1) Arranging the details of the wedding...performers, who will do our vows, how to honor God through our proceedings and meld some Chinese traditions I love with American ones I treasure.

2) Wedding clothes. At Chinese weddings, the bride usually wears TWO dresses nowadays....a white one to greet guests (white Western-style), and a red one (Chinese tradition) to toast with guests in. So yes, I must find TWO perfect dresses....considering I will be wearing each for short periods of time, I don't want to pay much...but unfortunately many of the options here remind me of bad 80s prom dresses. Or Little Bo Peep.

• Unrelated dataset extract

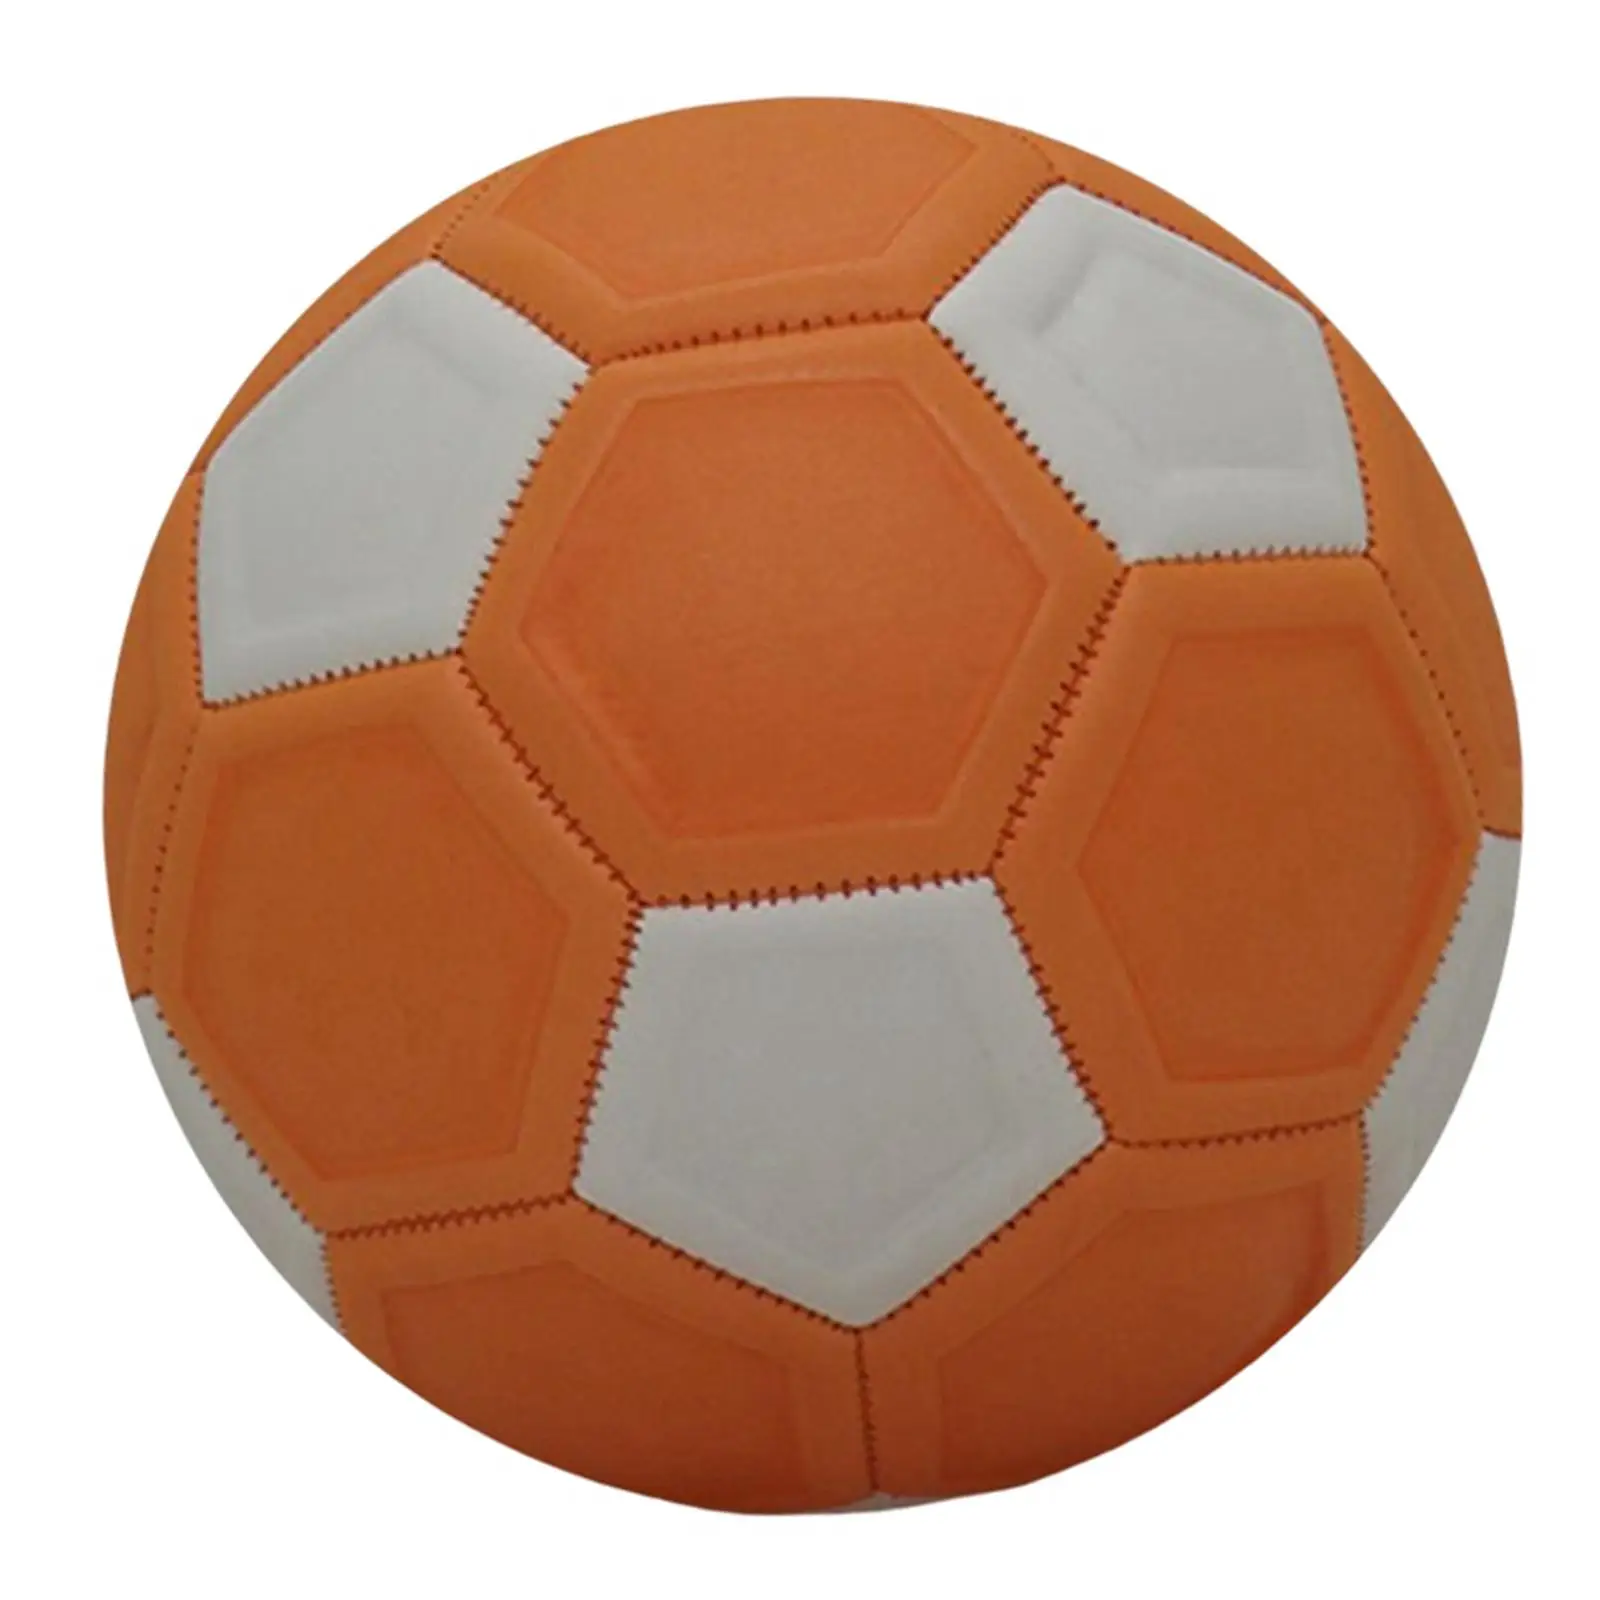 Soccer Bll Size 4 Gmes Prctice Plytime for ged 5 6 7 8 9 10 11 12 13 Toddlers

3)Take the pre-wedding portraits. This usually entails dressing in really strange clothing, posing in really cheesy ways, and getting photos printed with random Chinglish or Korean characters on them. We did book some portraits, but asked to do most of ours outside, and without all the cheesy details. It should be interesting...they also gave us a slight discount because they had never photographed a foreigner/Chinese couple.

4) Figure out if we can afford a honeymoon at the time we have vacation this summer, and where is a place my husband can easily get a visa to (as an American, I can travel to most places easily...he, as a Chinese citizen, doesn't have the same luxury...so annoying).

5) Arrange things for all our foreigner guests! (that will be the fun part of planning)

All that to say, any ideas and suggestions welcome!